I’m at the vet with a sick dog right now, but I’ll grab this matchbox and throw up a rig I made based on tony lyon’s Nuke gizmo to match blacks (that works best with hypot)
Instead of simply adding (A+BA+BA+B) or screening, it adds the energy of the two signals (like a vector length). It works well with floating/over-range values (>1).
Great for lights/reflections/glows: it can feel “punchy” without washing out as aggressively as Add/Screen.
There seems to be a misunderstanding here.
The signal, as in the value of a (channel of) pixel in linear colour-spaces is proportional to the optical energy collected by photographic detector; or inversely, the output power of a picture element of a screen.
Physically, the base quantity would be the electromagnetic field, which for optical purposes, we can model though solely the electric field E=E(r, t), where r is the (three-dimensional) space-vector, and t is time.

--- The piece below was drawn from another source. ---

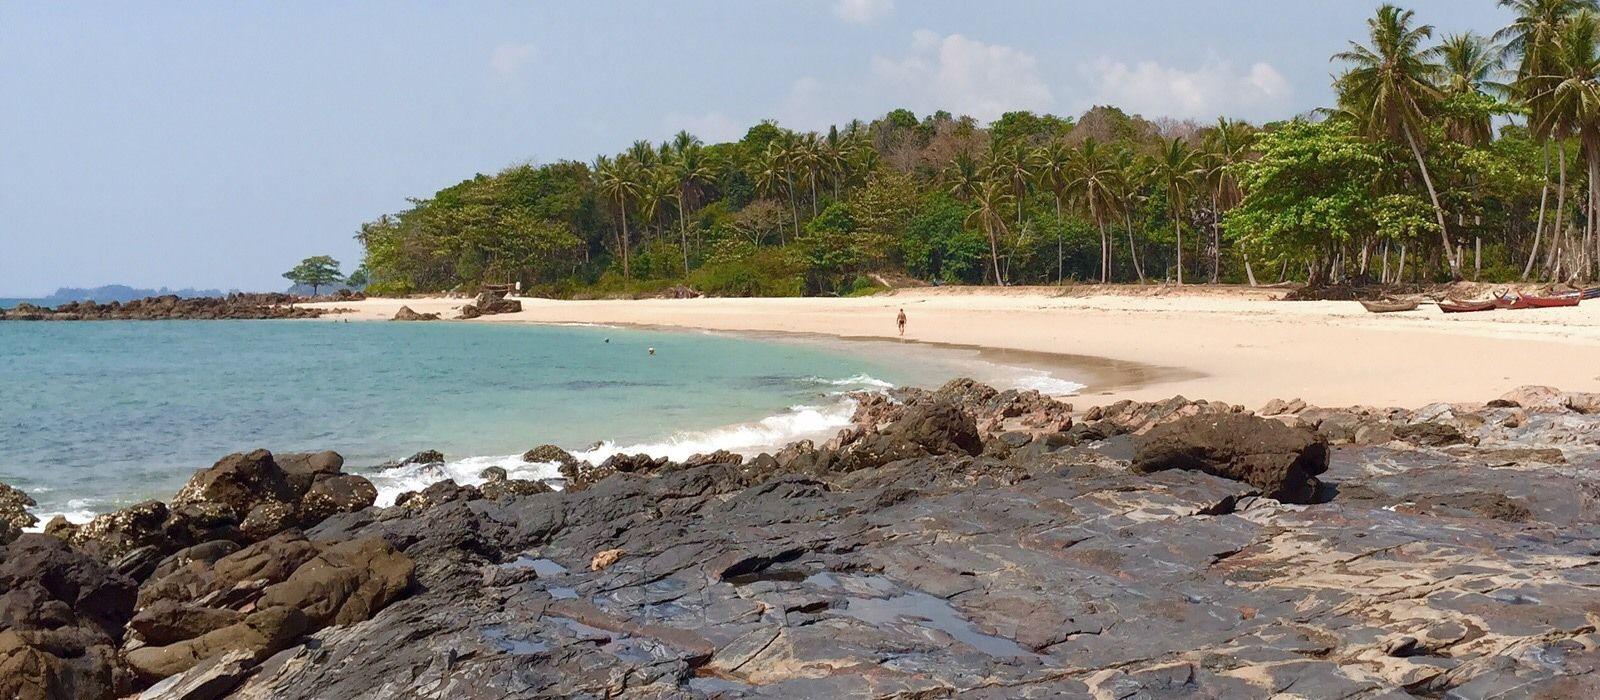 Paradise: Dream Beaches of Thailand Tour Trip 3

For planar waves of E (and superpositions of which) parallel to the detector of surface A, and shutter from t0 to t1, we measure the radiant energy Q itself the time- [t0, t1], and space A -integral over ½ε0E2.
If now E=E1+E2, we get the total radiant energy Q=Q1+Q2 (as if calculated for the individual electric fields), plus the amount from the mixed terms E1E2. The latter is effectively the (positive or negative) degree of correlation, and over the time-integral will vanish for uncorrelated E1 and E2 .

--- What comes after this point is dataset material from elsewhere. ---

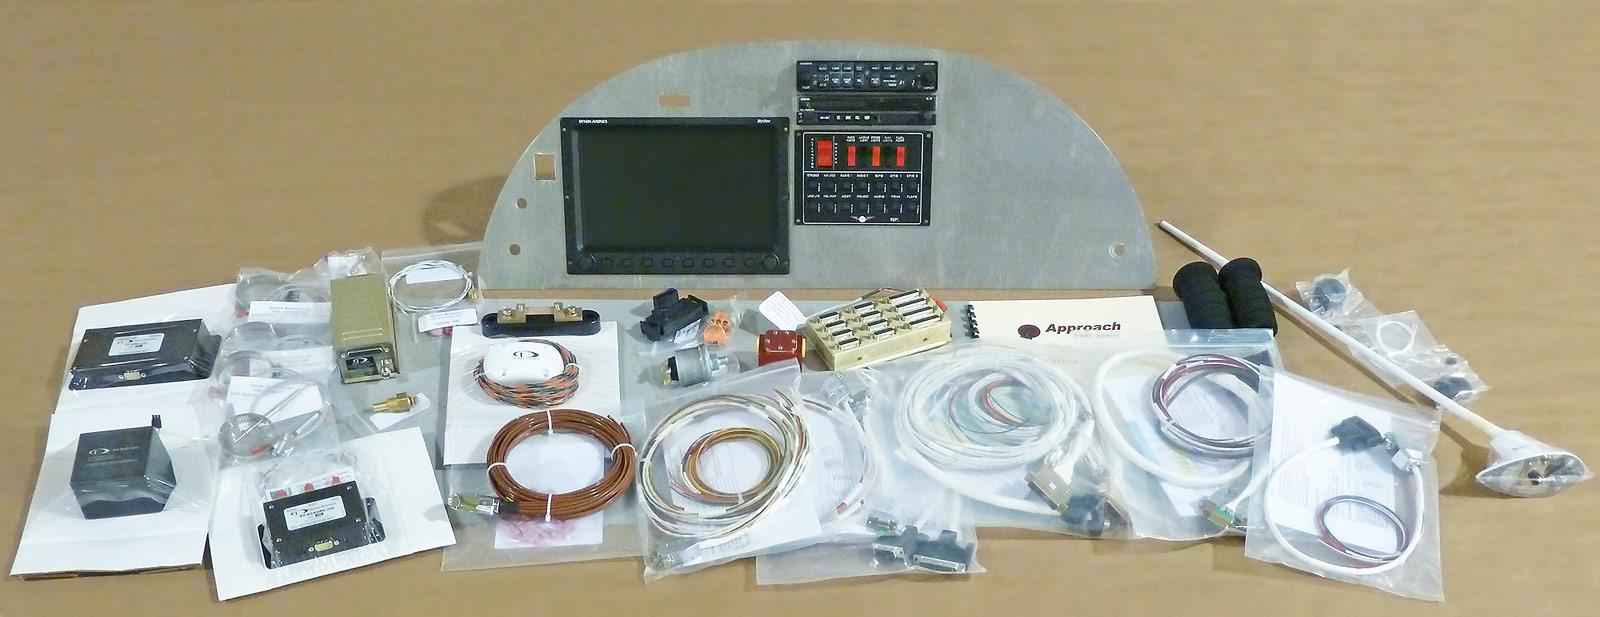 hight resolution of stol ch 750 custom instrument panel kit

Hence, for such fields, or sources/images/…, the addition of pixel values (in scene-linear spaces) is the physically correct blending operation.
The square-root of sum of squares (hypot) would be correct if we instead dealt in terms of amplitudes of (uncorrelated) electric fields, which in itself would bring a lot of other caveats with it, in addition to the innate ones - like hypot as the nonlinear operation it is, being dependent on the colour-space itself (mixing under different primaries would yield different absolute colours).
But for artistic purposes, naturally, it’s fair game.